Problem requirements →
Find the line below with "Van Wissen (MVV)" and the line with "Túi đeo vai". Output them and the lines between, exactly, but not the pictures.

Dataset excerpts →
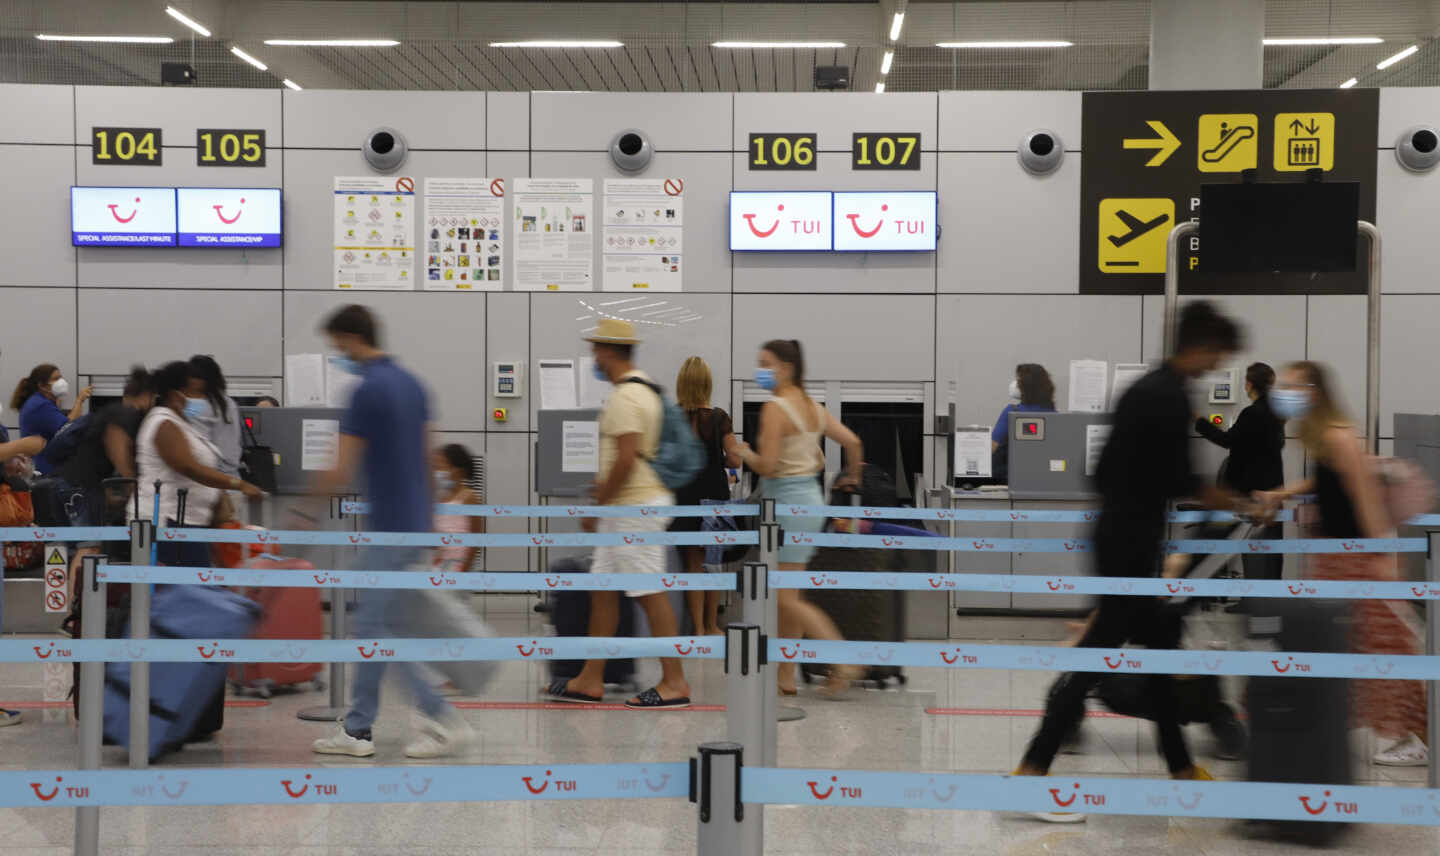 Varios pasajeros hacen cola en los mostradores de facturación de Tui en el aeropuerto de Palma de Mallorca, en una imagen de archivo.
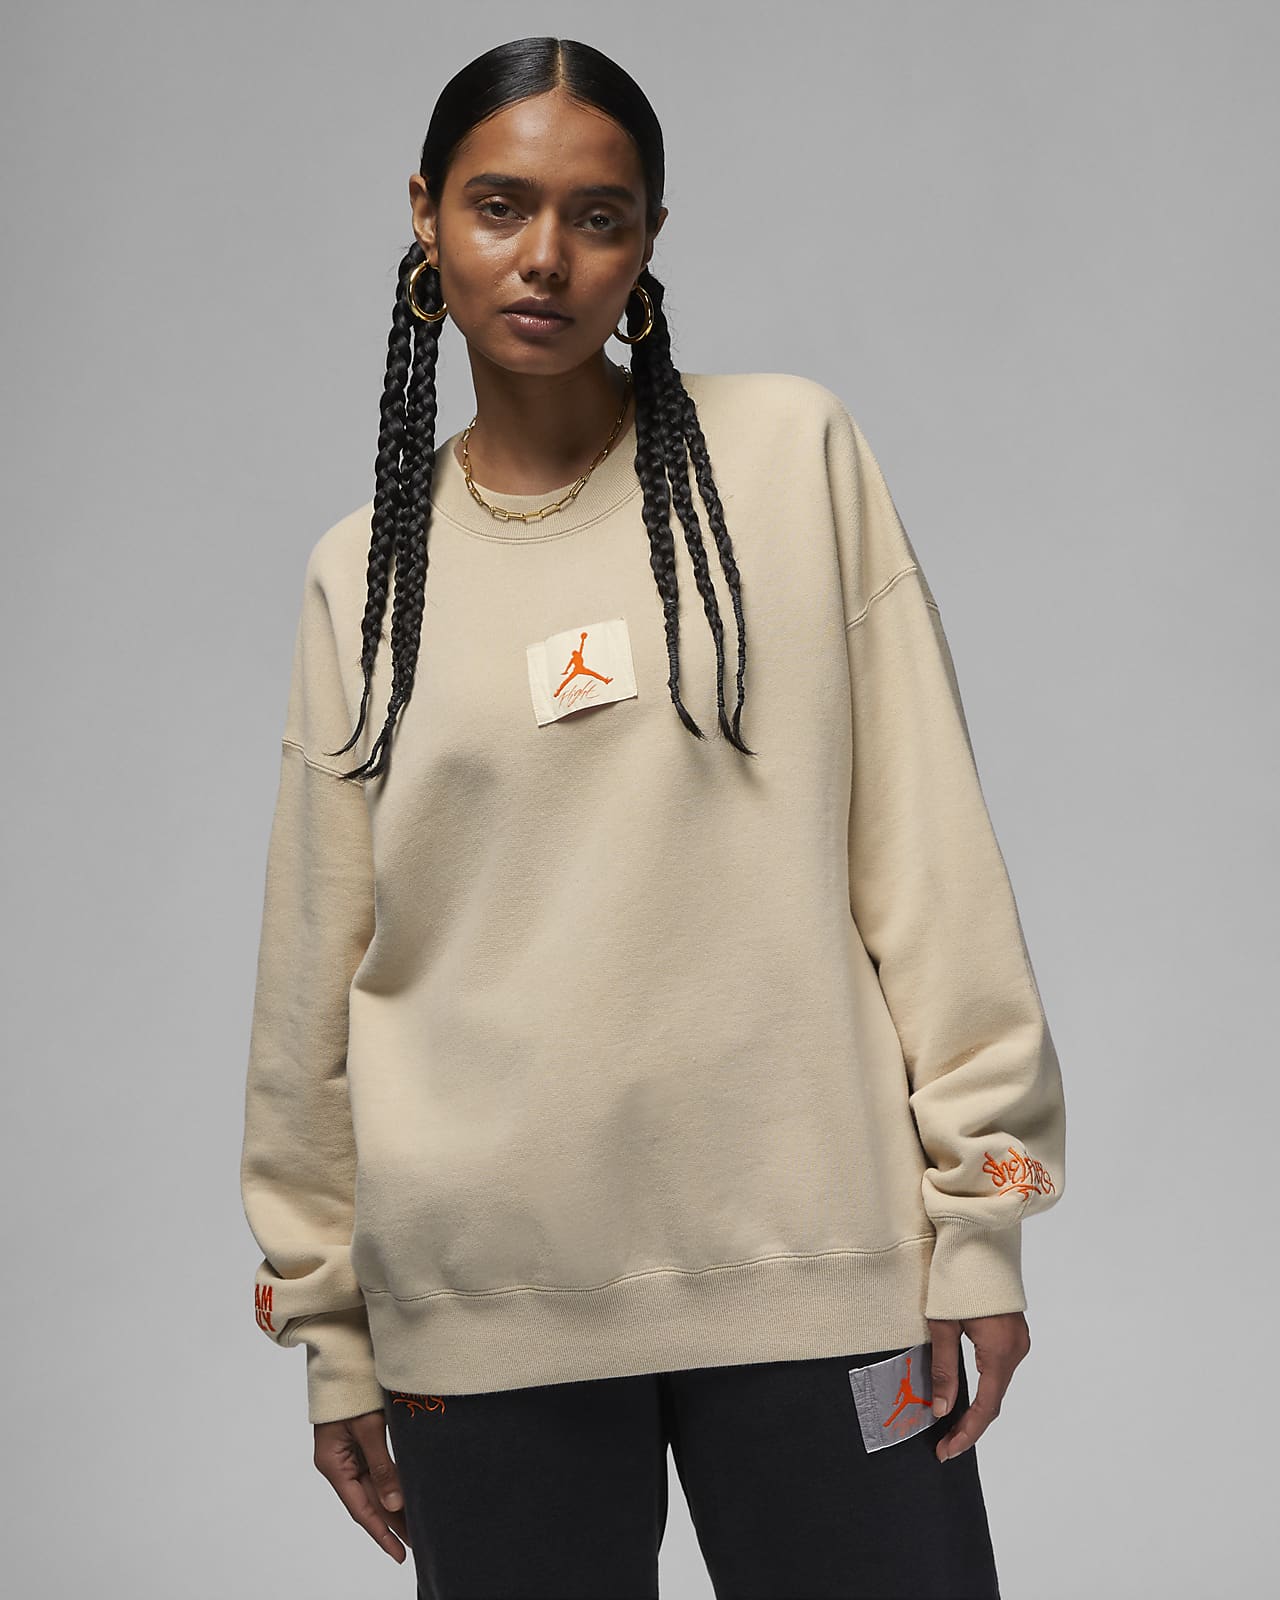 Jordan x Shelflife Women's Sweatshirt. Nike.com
==
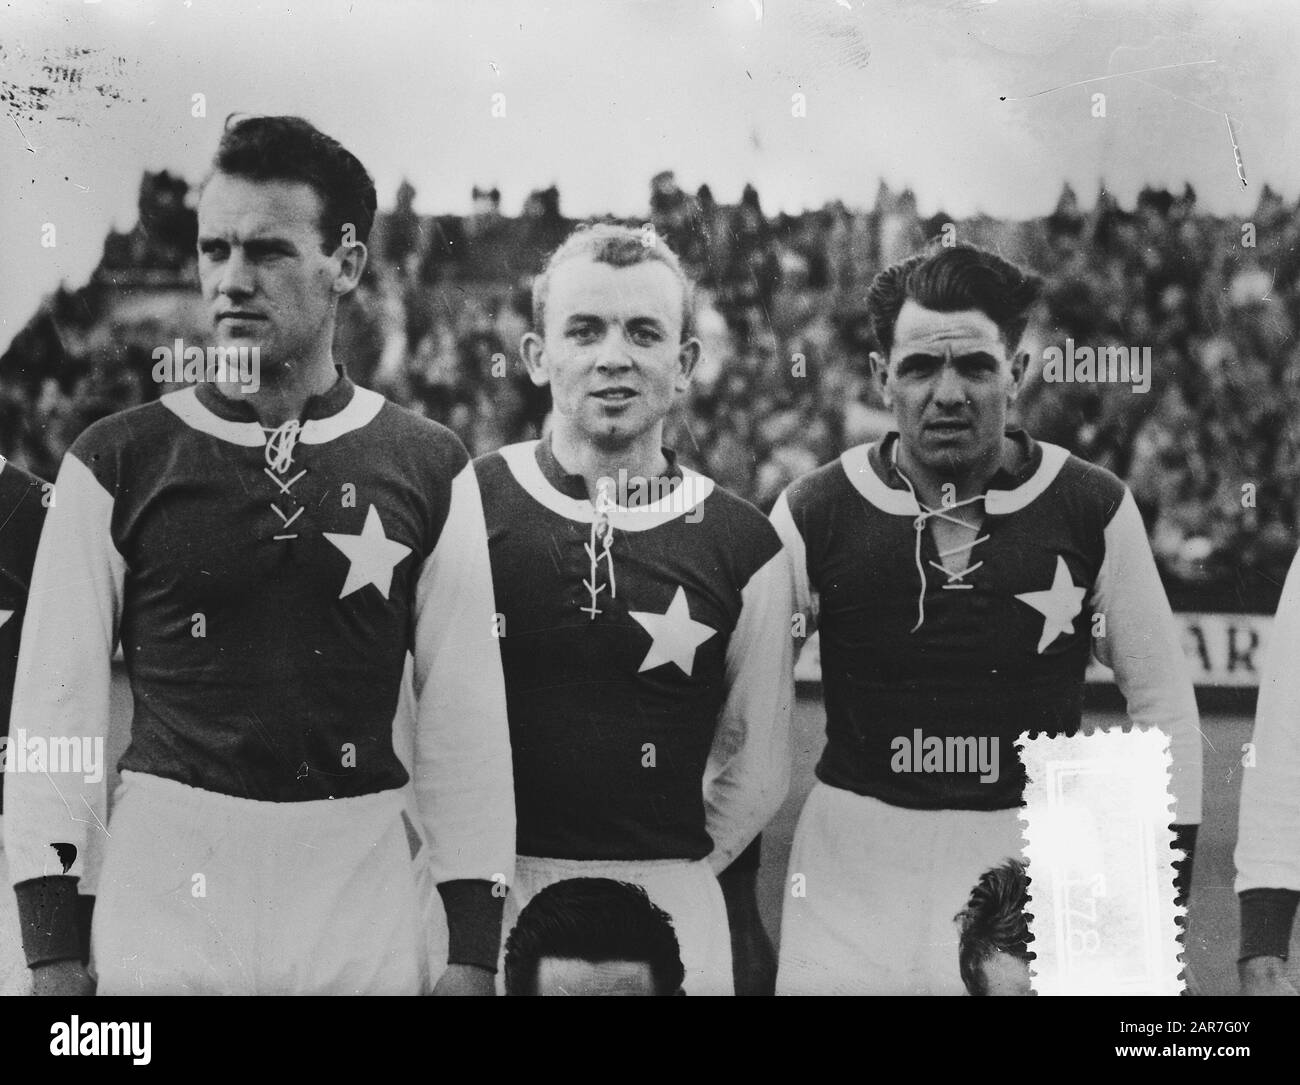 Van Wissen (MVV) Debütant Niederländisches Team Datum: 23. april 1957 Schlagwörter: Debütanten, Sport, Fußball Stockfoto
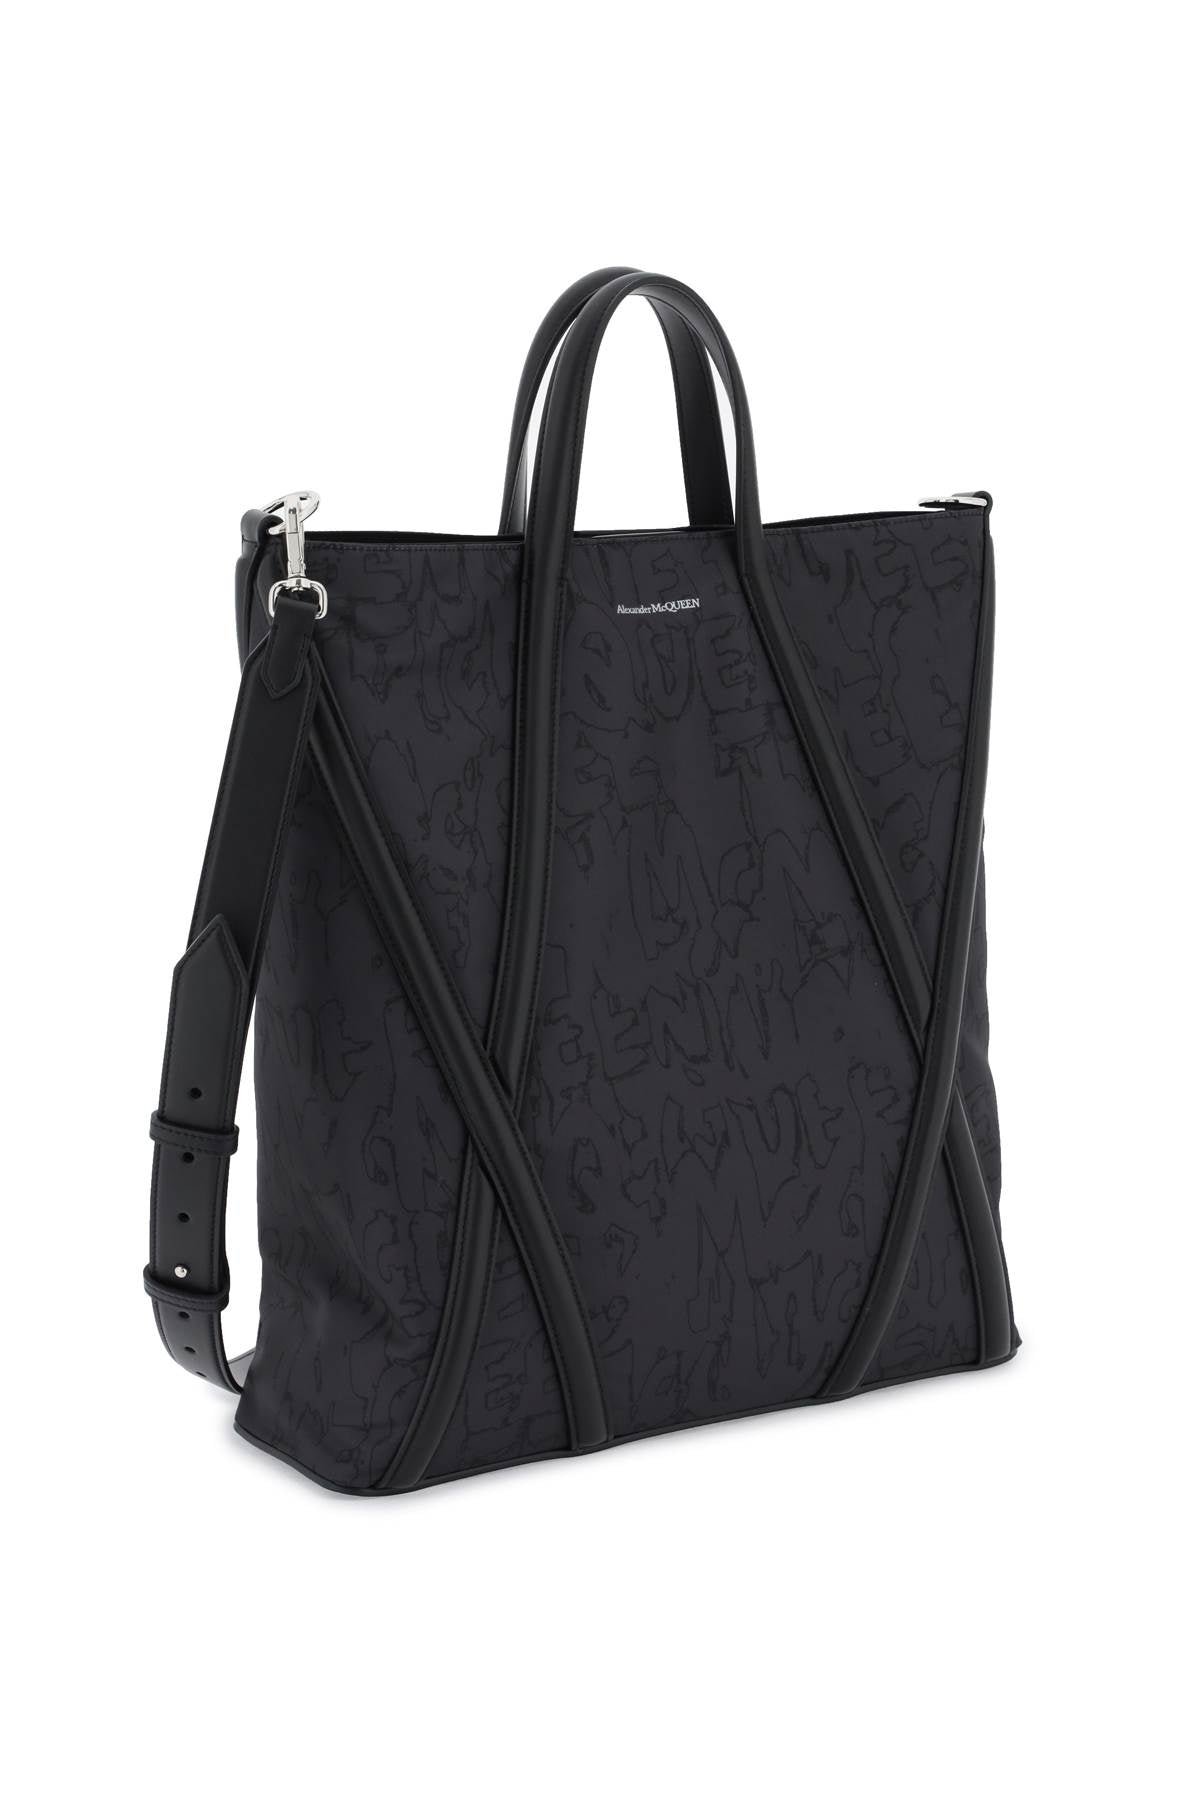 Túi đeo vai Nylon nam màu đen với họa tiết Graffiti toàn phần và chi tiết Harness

Exercise response →
 Van Wissen (MVV) Debütant Niederländisches Team Datum: 23. april 1957 Schlagwörter: Debütanten, Sport, Fußball Stockfoto
 Túi đeo vai Nylon nam màu đen với họa tiết Graffiti toàn phần và chi tiết Harness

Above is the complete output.